Ah! Okay... not a problem.

It would be nice to invoke the compiler on an open file object. That would
obviate this problem entirely.

I think that I'll look into doing a patch for this, rather than using
re.sub().

>...
> Unix tools shouldn't insist on it being absent.  Fixing compile() is
> hard, unfortunately, hence this request for a workaround.

If I can't figure out a way to do it, then I'll fall back to re.sub() :-)

>...
> > It would be nice if there was a "shared"
> > mode for reading. How are two writers and a reader different from a single
> > writer and a single reader?
> 
> OK, I'll explain the problem.  (Cut from a mail explaining it to
> Jeremy:)
>...
> | I have devised the following solution (which may even work on
> | Windows) but not yet implemented it:
> | 
> | when writing the .pyc file, use unlink() to remove the .pyc file and
> | then use low-level open() with the proper flags to require that the
> | file doesn't yet exist (O_EXC:?); then use fdopen().  If the open()
> | fails, don't write (treat it the same as a failing fopen() now.)
> | 
> | (You'd think that you could use a temporary file, but it's hard to
> | come up with a temp filename that's unique -- and if it's not unique,
> | the same race condition could still happen.)

Consider it fixed.

>...
> OK.  Let's table this one until we feel we know how to refactor os.py.
> (Maybe a platform-specific os.py could be frozen into the
> interpreter.)

I'll leave appropriate comments in the source as a reminder.

> > > class SuffixImporter:
> > > 
> > >     Why is this a class at all?  It would seem to be sufficient to
> > >     have a table of functions instead of a table of instances.  These
> > >     importers have no state and only one method that is always
> > >     overridden.
>...
> > I used instances because I wasn't sure what all we might want in there. If
> > we don't add any other methods or attributes to the public interface, then
> > yah: we could switch to a function-based approach.
> 
> See http://c2.com/cgi-bin/wiki?YouArentGonnaNeedIt (and the
> rest of this wikiweb on refactoring, patterns etc.) for why you
> shouldn't plan ahead this far.

I wasn't planning far ahead at all. Just banging out some code :-) Now
that that piece is (ahem) done, I'll revise the use of ".import_file".

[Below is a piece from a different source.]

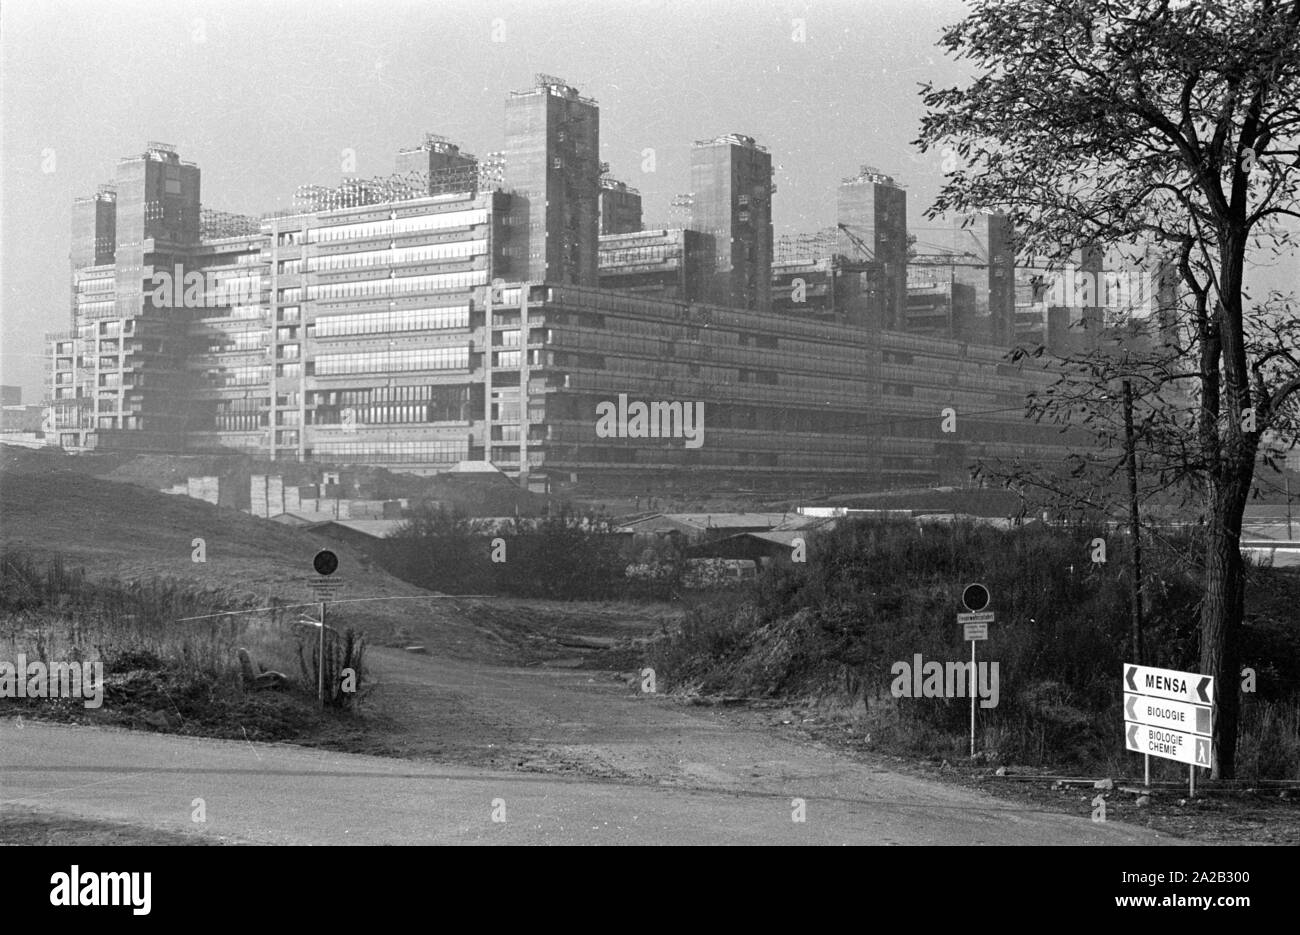 Blick auf die Baustelle des Universitaetsklinikum Aachen (Universitätsklinikum Aachen). Der Bau im Jahre 1971 begonnen, wurde das Gebäude nach und nach im Jahr 1984 beendet, die feierliche Einweihung fand am 21.3.1985. Das Bild zeigt die Shell, die bereits 1978 abgeschlossen wurde. Stockfoto
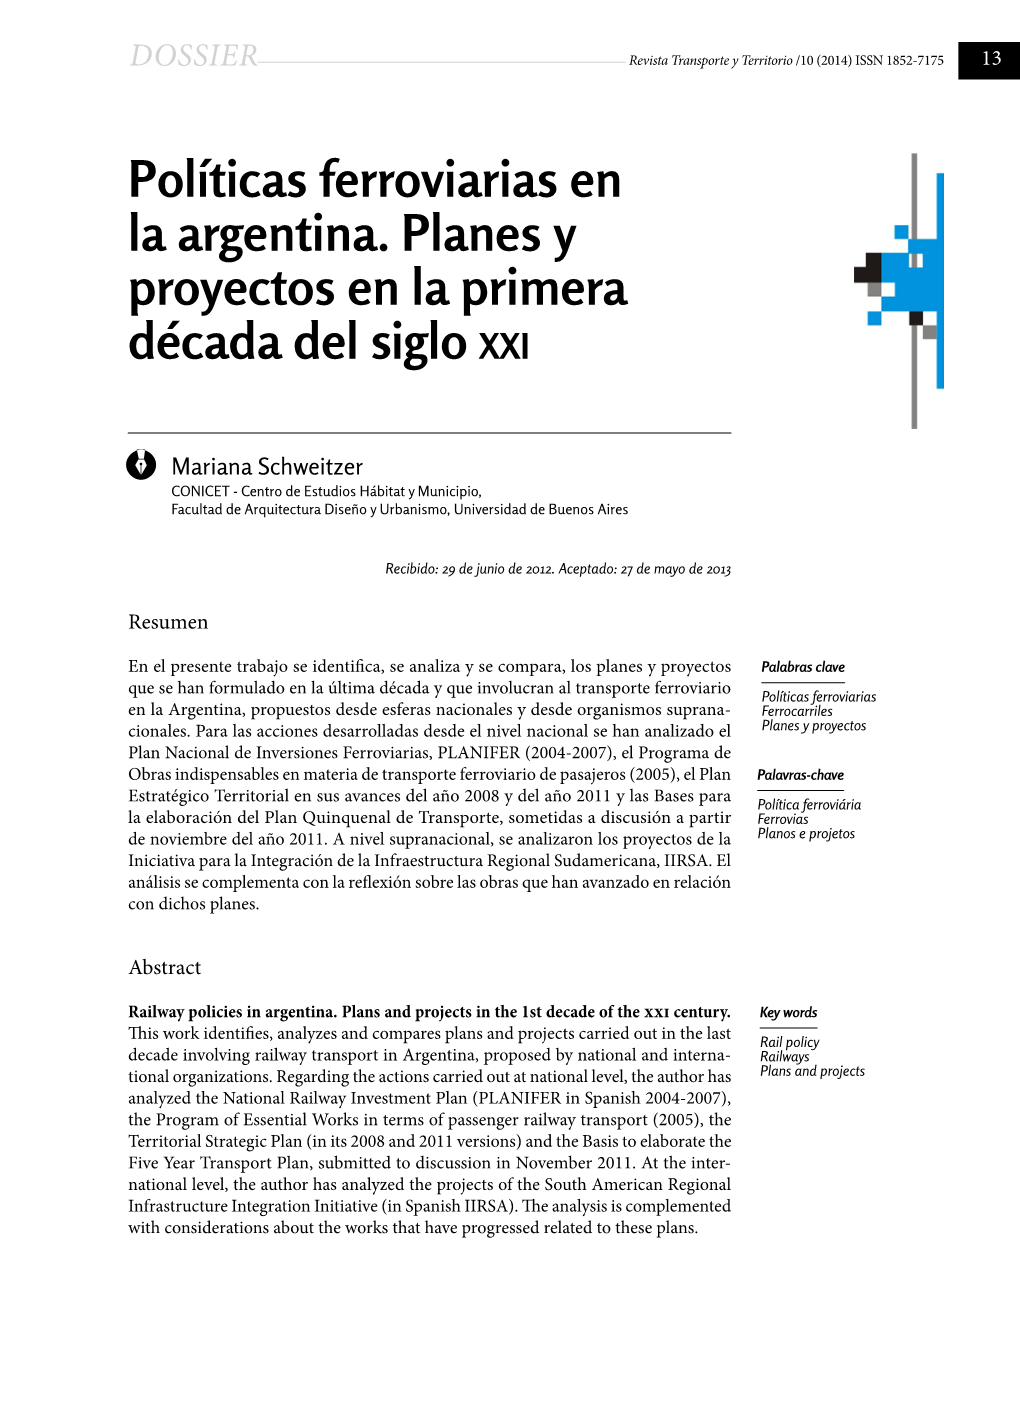 Políticas Ferroviarias En La Argentina. Planes Y Proyectos En La Primera Década Del Siglo Xxi

And yes... YouArentGonnaNeedIt is a very familiar mantra to me. You should
have been at MSFT with me to see how many times I wielded that bat against
the developers :-)
[ the mantra applies whole-heartedly to Python; it gets a little less
  rigid when you're talking about hard-to-maintain languages like C++ ]

Cheers,
-g

-- 
Greg Stein, http://www.lyra.org/